• GIVEN MATERIAL
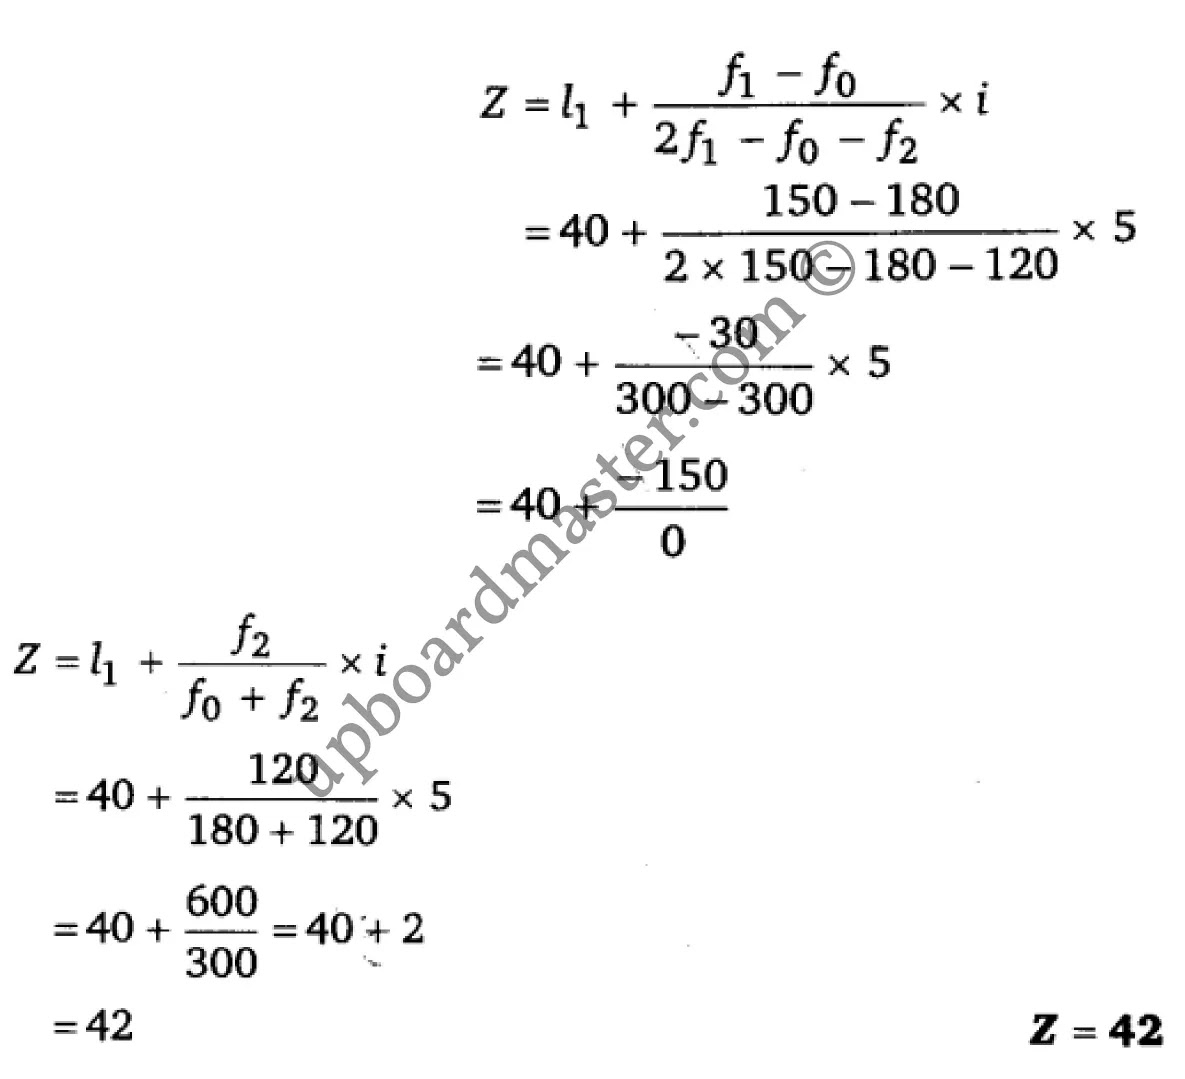 कक्षा 11 अर्थशास्त्र  सांख्यिकी अध्याय 5  के नोट्स  हिंदी में एनसीईआरटी समाधान,     class 11 Economics chapter 5,   class 11 Economics chapter 5 ncert solutions in Economics,  class 11 Economics chapter 5 notes in hindi,   class 11 Economics chapter 5 question answer,   class 11 Economics chapter 5 notes,   class 11 Economics chapter 5 class 11 Economics  chapter 5 in  hindi,    class 11 Economics chapter 5 important questions in  hindi,   class 11 Economics hindi  chapter 5 notes in hindi,   class 11 Economics  chapter 5 test,   class 11 Economics  chapter 5 class 11 Economics  chapter 5 pdf,   class 11 Economics  chapter 5 notes pdf,   class 11 Economics  chapter 5 exercise solutions,  class 11 Economics  chapter 5,  class 11 Economics  chapter 5 notes study rankers,  class 11 Economics  chapter 5 notes,   class 11 Economics hindi  chapter 5 notes,    class 11 Economics   chapter 5  class 11  notes pdf,  class 11 Economics  chapter 5 class 11  notes  ncert,  class 11 Economics  chapter 5 class 11 pdf,   class 11 Economics  chapter 5  book,   class 11 Economics  chapter 5 quiz class 11  ,    11  th class 11 Economics chapter 5  book up board,   up board 11  th class 11 Economics chapter 5 notes,  class 11 Economics  Statistics for Economics chapter 5,   class 11 Economics  Statistics for Economics chapter 5 ncert solutions in Economics,   class 11 Economics  Statistics for Economics chapter 5 notes in hindi,   class 11 Economics  Statistics for Economics chapter 5 question answer,   class 11 Economics  Statistics for Economics  chapter 5 notes,  class 11 Economics  Statistics for Economics  chapter 5 class 11 Economics  chapter 5 in  hindi,    class 11 Economics  Statistics for Economics chapter 5 important questions in  hindi,   class 11 Economics  Statistics for Economics  chapter 5 notes in hindi,    class 11 Economics  Statistics for Economics  chapter 5 test,  class 11 Economics  Statistics for Economics  chapter 5 class 11 Economics  chapter 5 pdf,   class 11
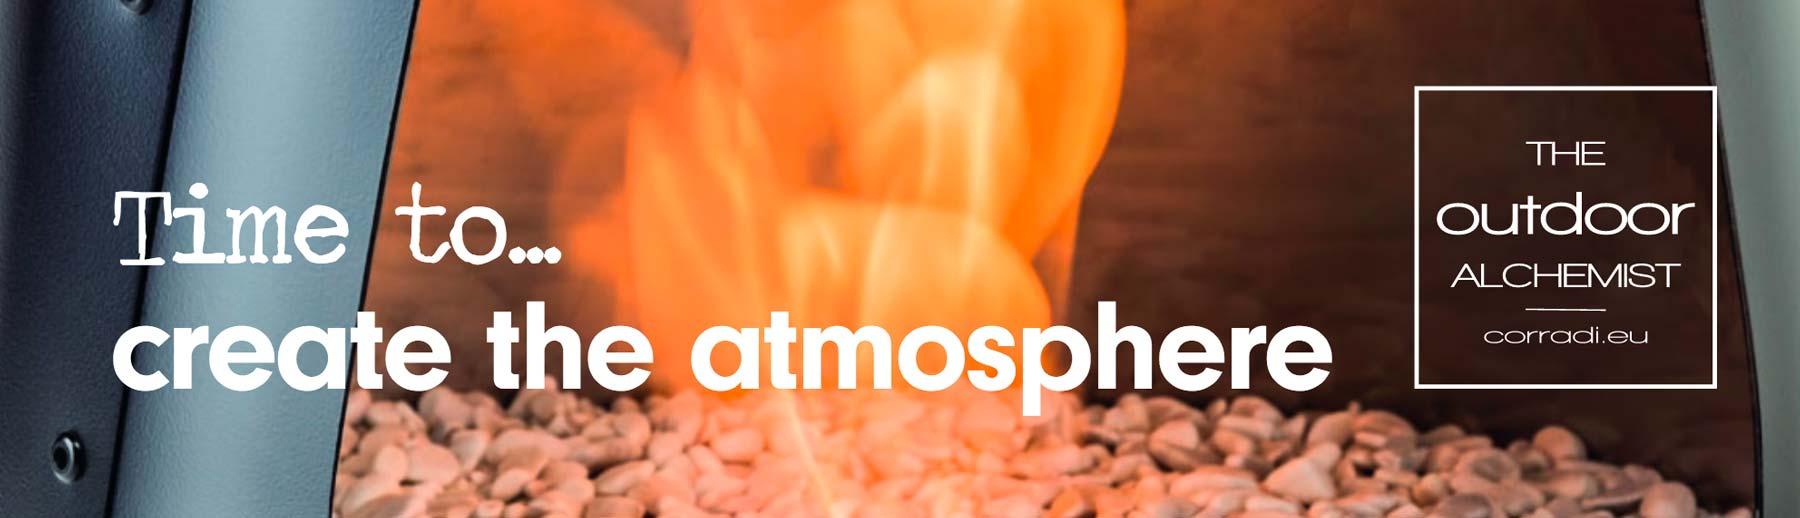 Time to create rhe atmosphere
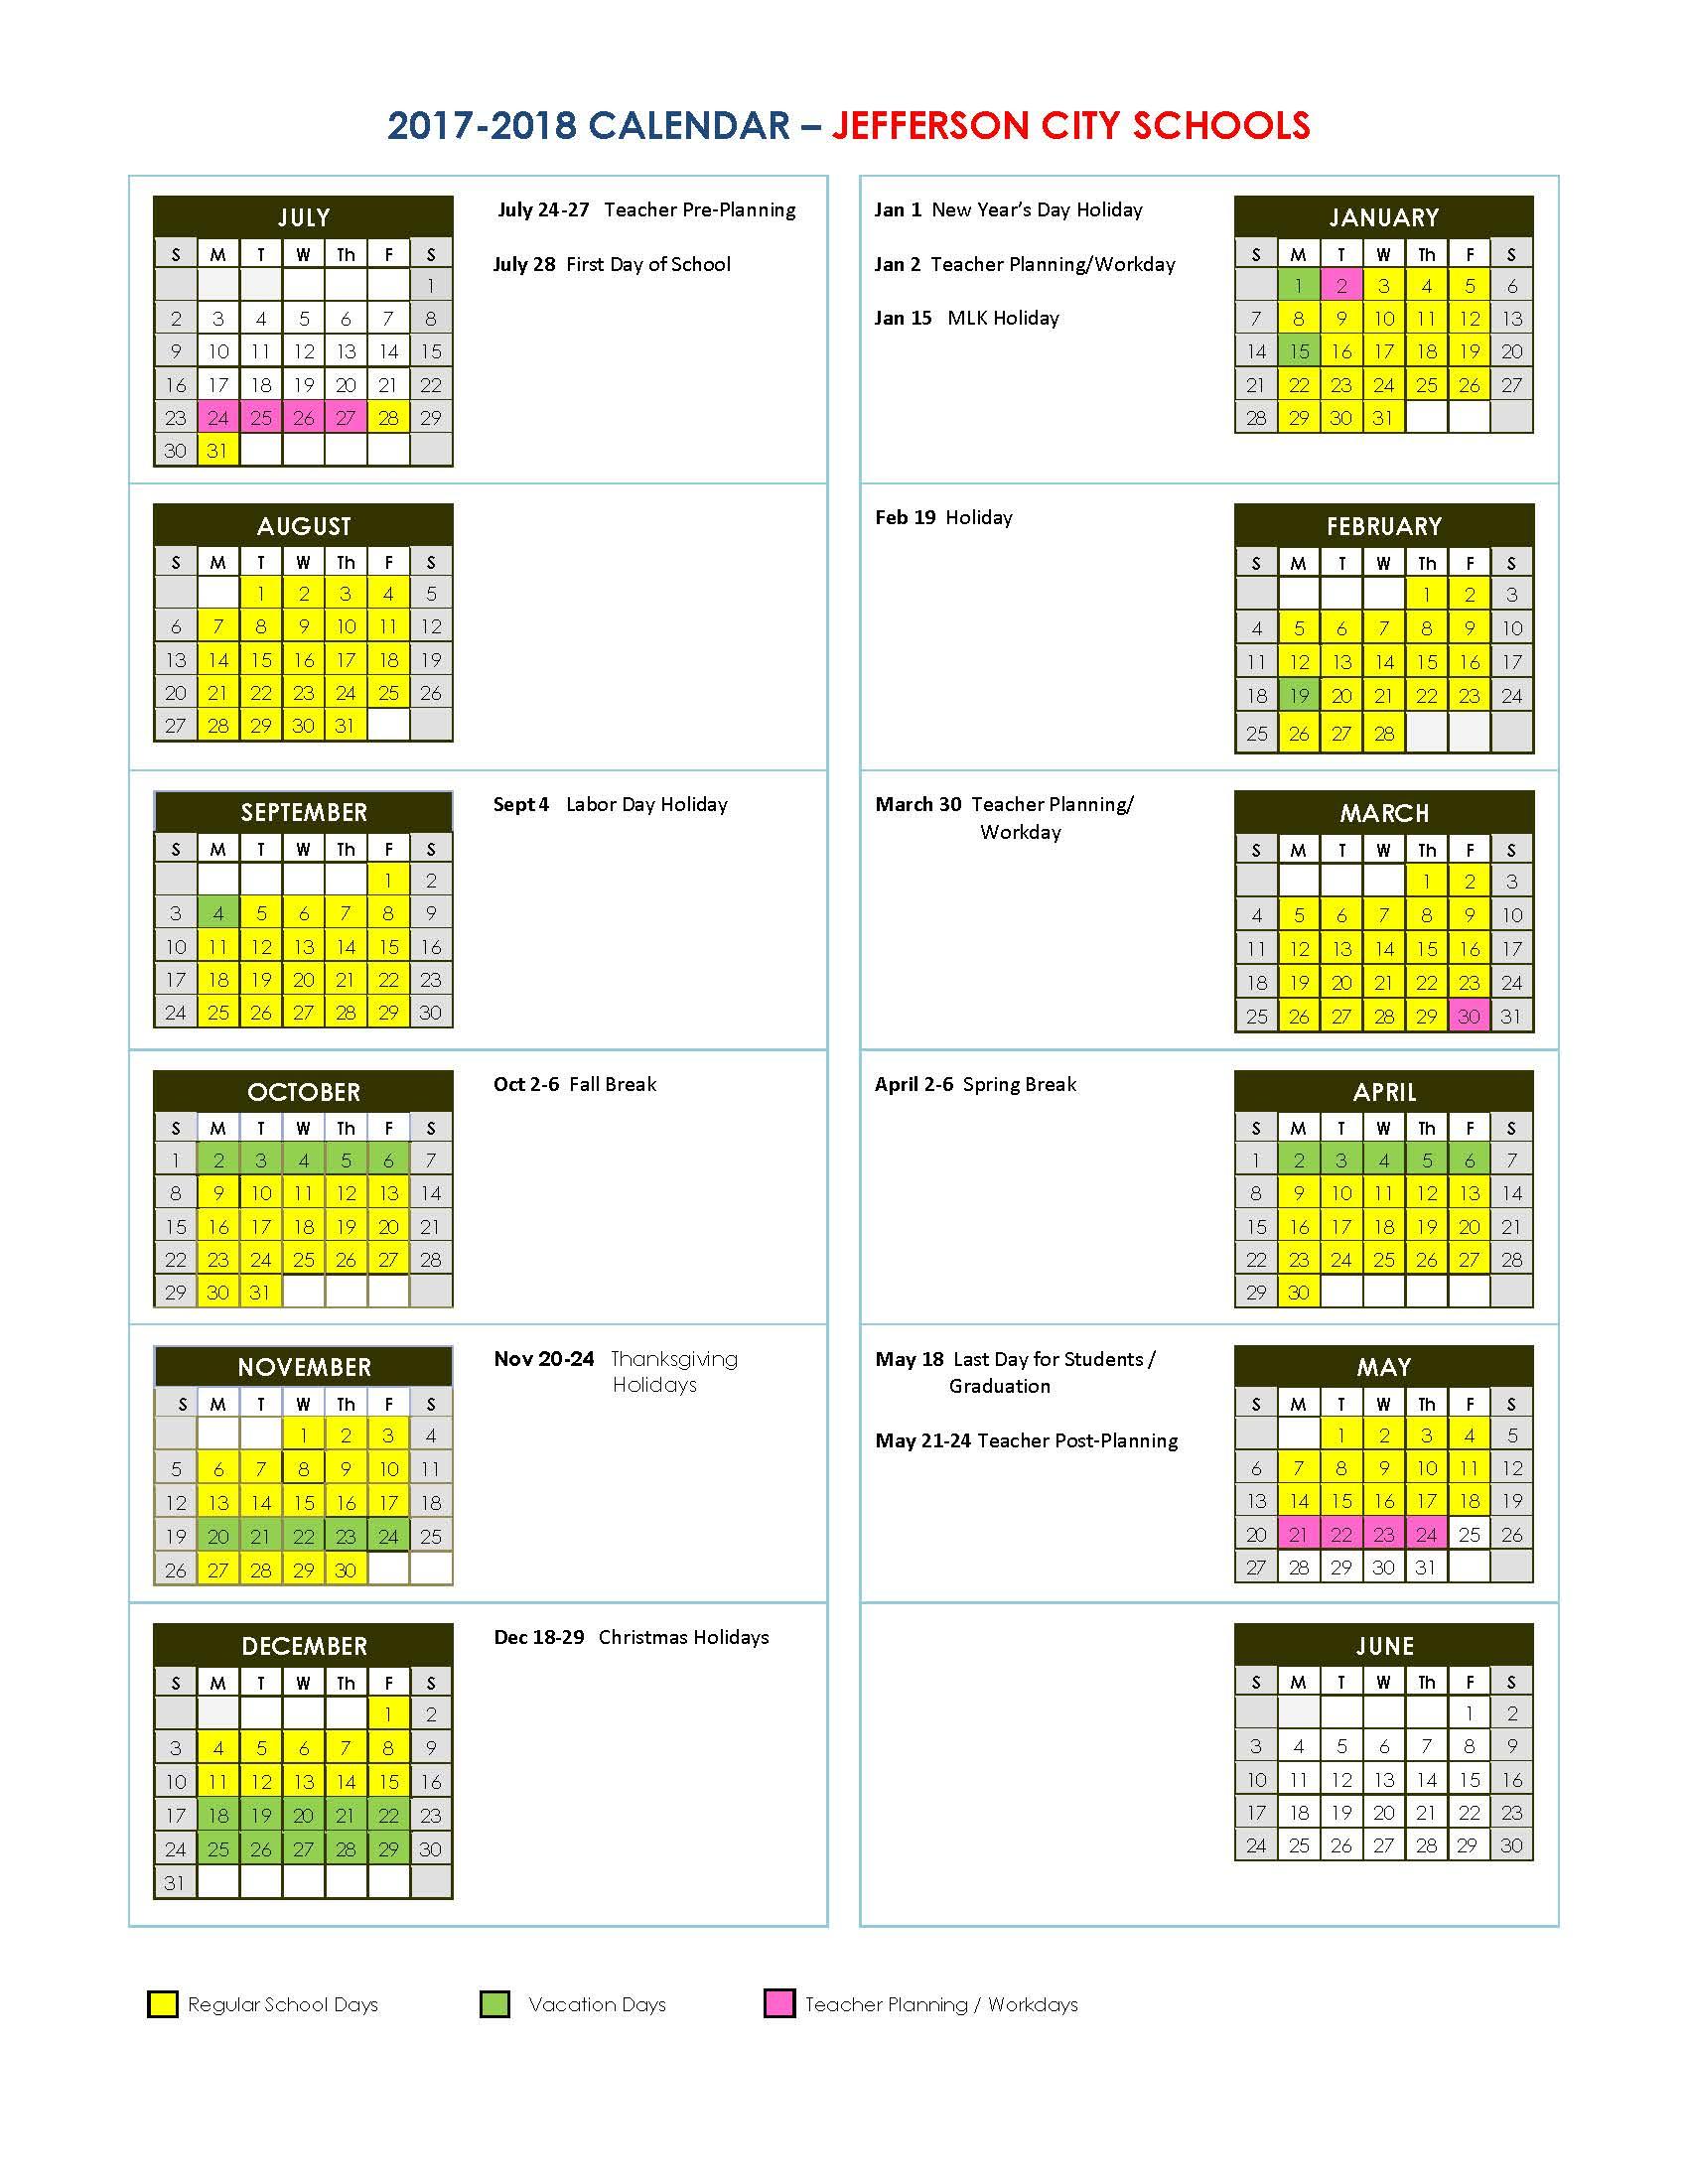 Jefferson City Schools Intended For Georgia State School Calendar 2020

• WORK TO COMPLETE
Print the whole listing above once more, word for word, without its pictures.

• ANSWER FOR THE TASK
 कक्षा 11 अर्थशास्त्र  सांख्यिकी अध्याय 5  के नोट्स  हिंदी में एनसीईआरटी समाधान,     class 11 Economics chapter 5,   class 11 Economics chapter 5 ncert solutions in Economics,  class 11 Economics chapter 5 notes in hindi,   class 11 Economics chapter 5 question answer,   class 11 Economics chapter 5 notes,   class 11 Economics chapter 5 class 11 Economics  chapter 5 in  hindi,    class 11 Economics chapter 5 important questions in  hindi,   class 11 Economics hindi  chapter 5 notes in hindi,   class 11 Economics  chapter 5 test,   class 11 Economics  chapter 5 class 11 Economics  chapter 5 pdf,   class 11 Economics  chapter 5 notes pdf,   class 11 Economics  chapter 5 exercise solutions,  class 11 Economics  chapter 5,  class 11 Economics  chapter 5 notes study rankers,  class 11 Economics  chapter 5 notes,   class 11 Economics hindi  chapter 5 notes,    class 11 Economics   chapter 5  class 11  notes pdf,  class 11 Economics  chapter 5 class 11  notes  ncert,  class 11 Economics  chapter 5 class 11 pdf,   class 11 Economics  chapter 5  book,   class 11 Economics  chapter 5 quiz class 11  ,    11  th class 11 Economics chapter 5  book up board,   up board 11  th class 11 Economics chapter 5 notes,  class 11 Economics  Statistics for Economics chapter 5,   class 11 Economics  Statistics for Economics chapter 5 ncert solutions in Economics,   class 11 Economics  Statistics for Economics chapter 5 notes in hindi,   class 11 Economics  Statistics for Economics chapter 5 question answer,   class 11 Economics  Statistics for Economics  chapter 5 notes,  class 11 Economics  Statistics for Economics  chapter 5 class 11 Economics  chapter 5 in  hindi,    class 11 Economics  Statistics for Economics chapter 5 important questions in  hindi,   class 11 Economics  Statistics for Economics  chapter 5 notes in hindi,    class 11 Economics  Statistics for Economics  chapter 5 test,  class 11 Economics  Statistics for Economics  chapter 5 class 11 Economics  chapter 5 pdf,   class 11
 Time to create rhe atmosphere
 Jefferson City Schools Intended For Georgia State School Calendar 2020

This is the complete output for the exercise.